[Skiboot] [PATCH RESEND v6 2/2] SBE: Add timer support

Tue Apr 17 13:40:18 AEST 2018

On Mon, 2018-04-16 at 15:26 +0530, Vasant Hegde wrote:
> 
> > >   	/* SBE came back from reset */
> > >   	if (data & SBE_HOST_RESET) {
> > >   		prlog(PR_NOTICE, "Back from reset [chip id = %x]\n", chip_id);
> > > @@ -547,6 +586,9 @@ clr_interrupt:
> > >   
> > >   	p9_sbe_process_queue(sbe);
> > >   	unlock(&sbe->lock);
> > > +	/* Drop lock and call timers */
> > > +	if (timer_interrupt)
> > > +		check_timers(true);
> > 
> > If for some reason the timer fired early, are you confident it will be
> > re-armed ?
> 
> Our understanding is SBE will never get back to us early. They will always come 
> after timeout.
> So we are good here.

No, you need to ensure you are robust. It could be something as simple
as the clock drifting between the SBE and the CPU for example.

> > 
> > >   }
> > >   
> > >   static void p9_sbe_timeout_poll(void *user_data __unused)
> > > @@ -598,6 +640,120 @@ static void p9_sbe_timeout_poll(void *user_data __unused)
> > >   		p9_sbe_process_queue(sbe);
> > >   		unlock(&sbe->lock);
> > >   	}
> > > +
> > > +	/*
> > > +	 * Check if the timer is working. If at least 1ms elapsed since
> > > +	 * last scheduled timer expiry.
> > > +	 */
> > > +	if (sbe_has_timer && sbe_timer_in_progress) {
> > > +		chip = get_chip(sbe_default_chip_id);
> > > +		sbe = chip->sbe;
> > > +		if (tb_compare(mftb(), sbe_last_gen_stamp + msecs_to_tb(1))
> > > +		    != TB_AAFTERB)
> > > +			return;
> > 
> > So I would have put that inside the above lock section, basically, if
> > the chip is the default chip, add the timeout logic (and move it to a
> > separate function).
> 
> Yeah. I will have separate p9_sbe_timer_poll() to timer timeout checking. Also I 
> will move above block  inside lock.
> 
> > 
> > > +		/*
> > > +		 * In some cases there will be a delay in calling OPAL interrupt
> > > +		 * handler routine (opal_handle_interrupt).

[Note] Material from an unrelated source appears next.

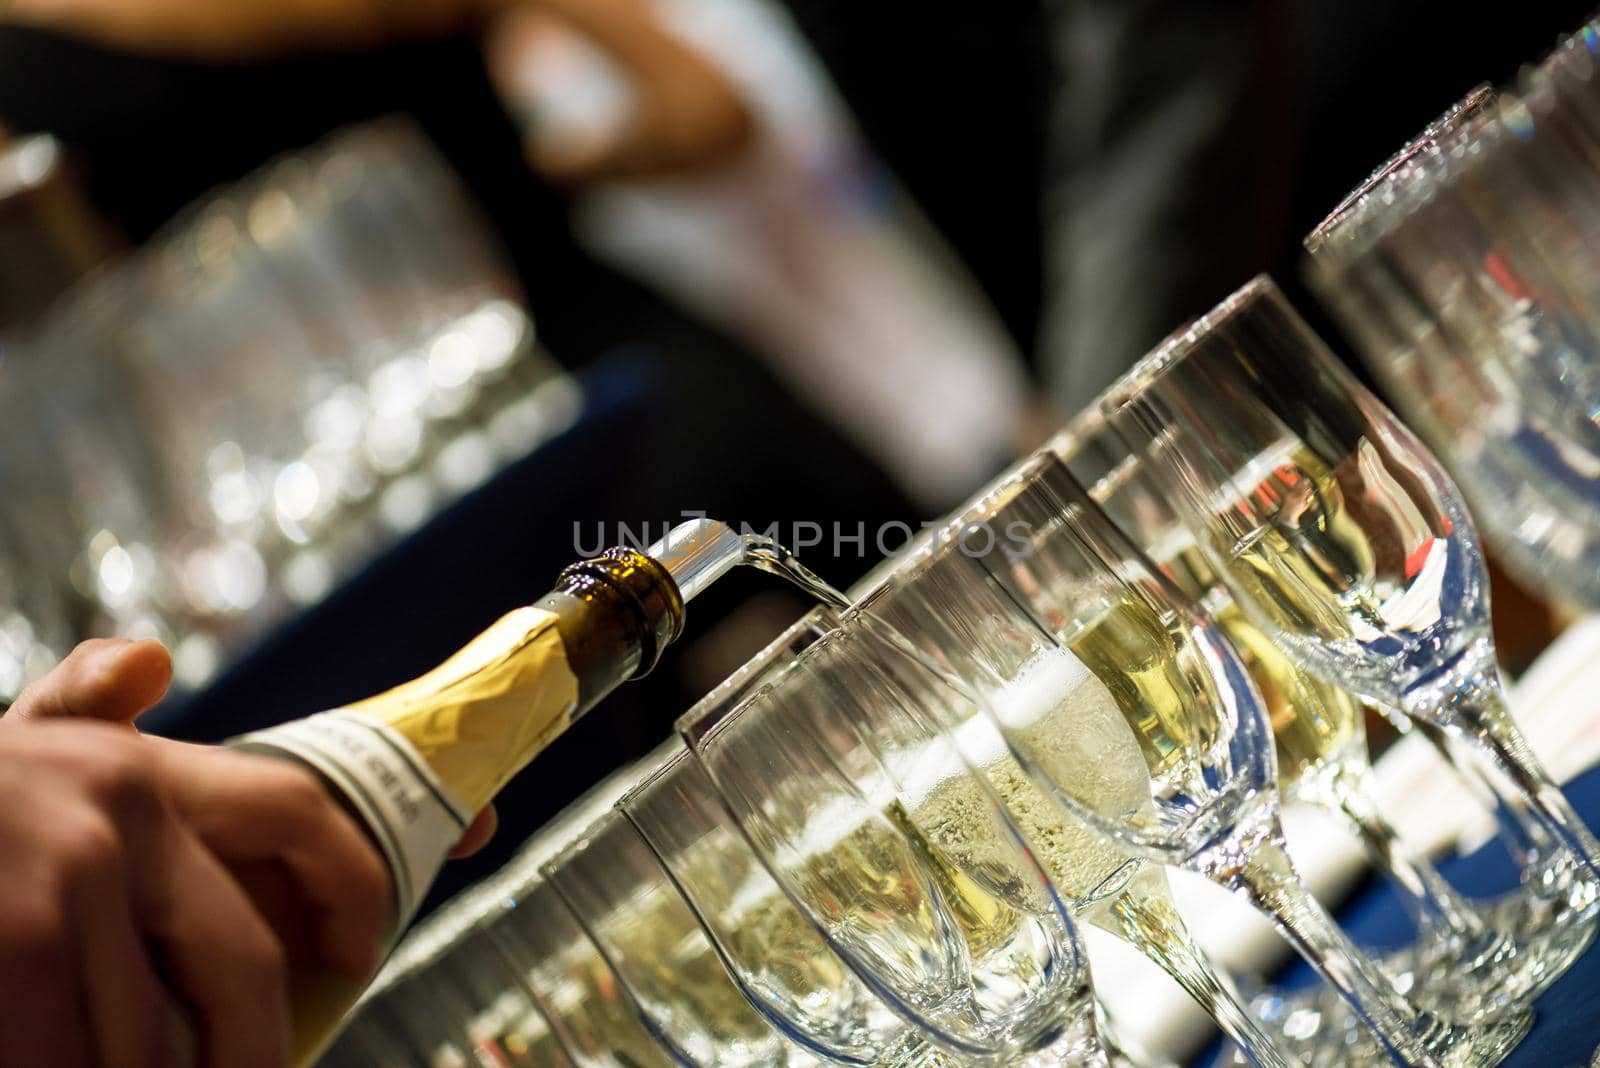 Bartender pouring champagne into glasses at party.
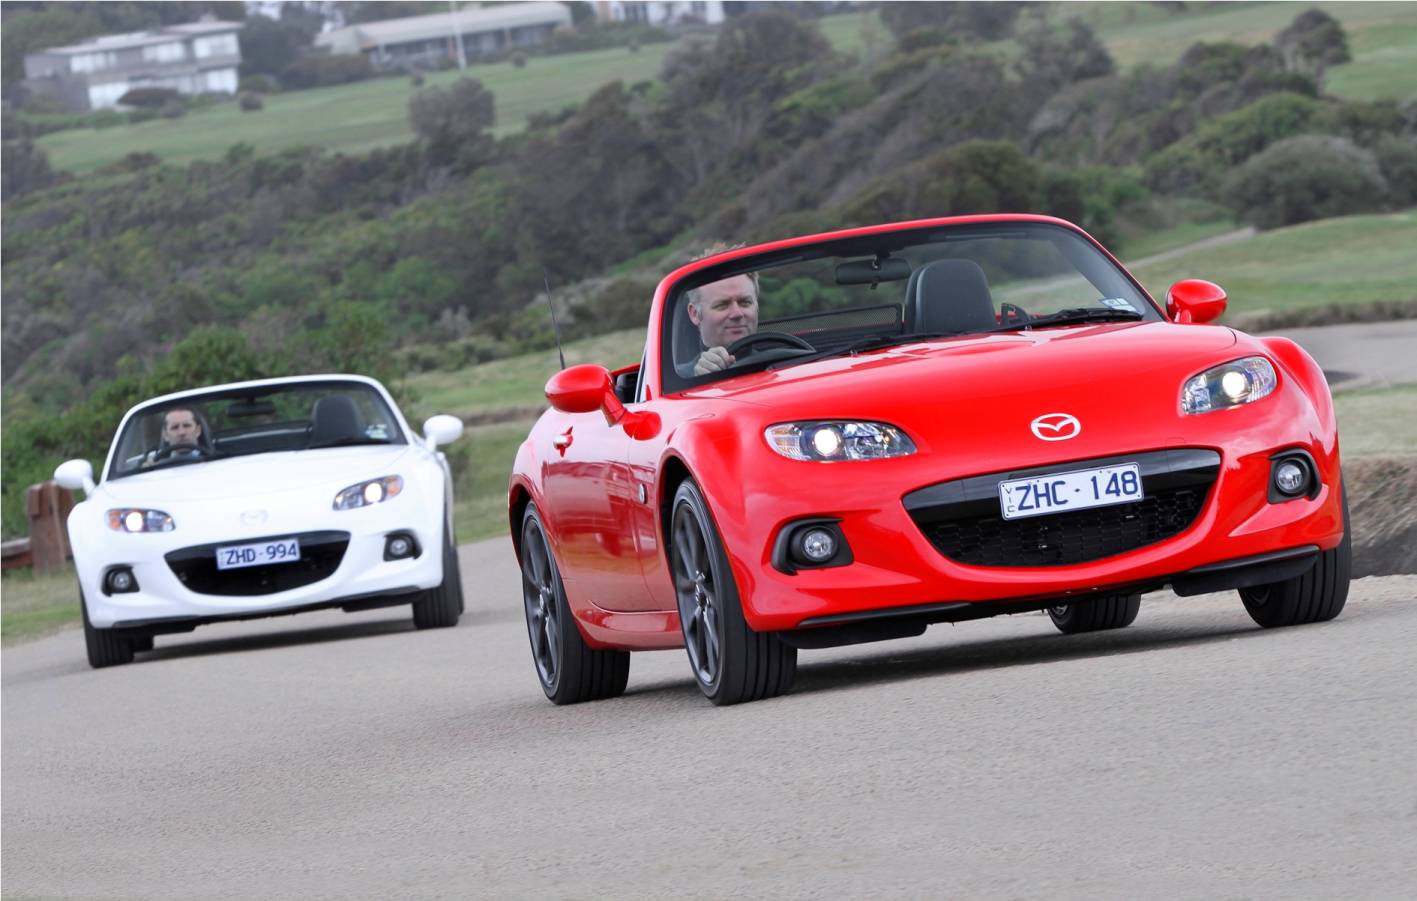 2015 Mazda MX-5 to come with 1.5L engine

In such cases its
> > > +		 * possible that SBE has responded, but OPAL didn't act on that.
> > > +		 * Hence check for SBE response before disabling timer.
> > > +		 */
> > > +		p9_sbe_interrupt(sbe_default_chip_id);
> > 
> > 
> > Otherwise you call the above twice in the same function and the
> > function becomes a mess.
> > 
> > Also you keep taking & releasing the lock, it's inefficient. Follow my
> > advice in the other patch, have the lock taken once in a per-chip thing
> > and everything else underneath is done with that one lock instance.
> 
> Agree. Moved to separate function.
> 
> 
> > 
> > > +
> > > +		lock(&sbe->lock);
> > > +		if (!sbe_timer_in_progress) {
> > > +			unlock(&sbe->lock);
> > > +			return;
> > > +		}
> > > +
> > > +		if (tb_compare(mftb(), sbe_last_gen_stamp + msecs_to_tb(1))
> > > +		    != TB_AAFTERB) {
> > > +			unlock(&sbe->lock);
> > > +			return;
> > > +		}
> > > +
> > > +		prlog(PR_ERR, "Timer stuck, falling back to OPAL pollers.\n");
> > > +		prlog(PR_ERR, "You will likely have slower I2C and may have "
> > > +		      "experienced increased jitter.\n");
> > > +		p9_sbe_reg_dump(sbe_default_chip_id);
> > > +		sbe_has_timer = false;
> > > +		sbe_timer_in_progress = false;
> > > +		unlock(&sbe->lock);
> > > +	}
> > > +}
> > > +
> > > +/*
> > > + * This is called with the timer lock held, so there is no
> > > + * issue with re-entrancy or concurrence
> > > + */
> > > +void p9_sbe_update_timer_expiry(uint64_t new_target)
> > > +{
> > > +	int rc;
> > > +	u32 tick_us = SBE_TIMER_DEFAULT_US;
> > > +	u64 tb_cnt, now = mftb();
> > > +
> > > +	if (!sbe_has_timer || new_target == sbe_timer_target)
> > > +		return;
> > > +
> > > +	sbe_timer_target = new_target;
> > > +
> > > +	/* Modify timer */
> > > +	if (sbe_timer_in_progress) {
> > > +		if (sbe_timer_target < now)
> > > +			return;
> > > +
> > > +		/* remaining time <= sbe_timer_def_tb */
> > > +		if ((sbe_last_gen_stamp - now) <= sbe_timer_def_tb)
> > > +			return;
> > > +
> > > +		if (sbe_timer_target > sbe_last_gen_stamp)
> > > +			return;
> > > +
> > > +		sbe_timer_in_progress = false;
> > 
> > So aren't you potentially re-using or modifying a message that is in
> > the middle of being sent ?
> > 
> > IE a previous call to p9_sbe_update_timer_expiry has queued the
> > message, it's now in the process of being sent, while this gets called,
> > cleares sbe_timer_in_progress, ad move on with hacking the "active"
> > message ... that isn't right.
> > 
> > You need to flag that a new target is needed and prep a new message
> > from the completion of the previous one.
> 
> Done.
> 
> I'm moving from sync msg to async message. Also I've "has_new_target" note down 
> new timer value while we are processing current timer.
> 
> Thanks
> -Vasant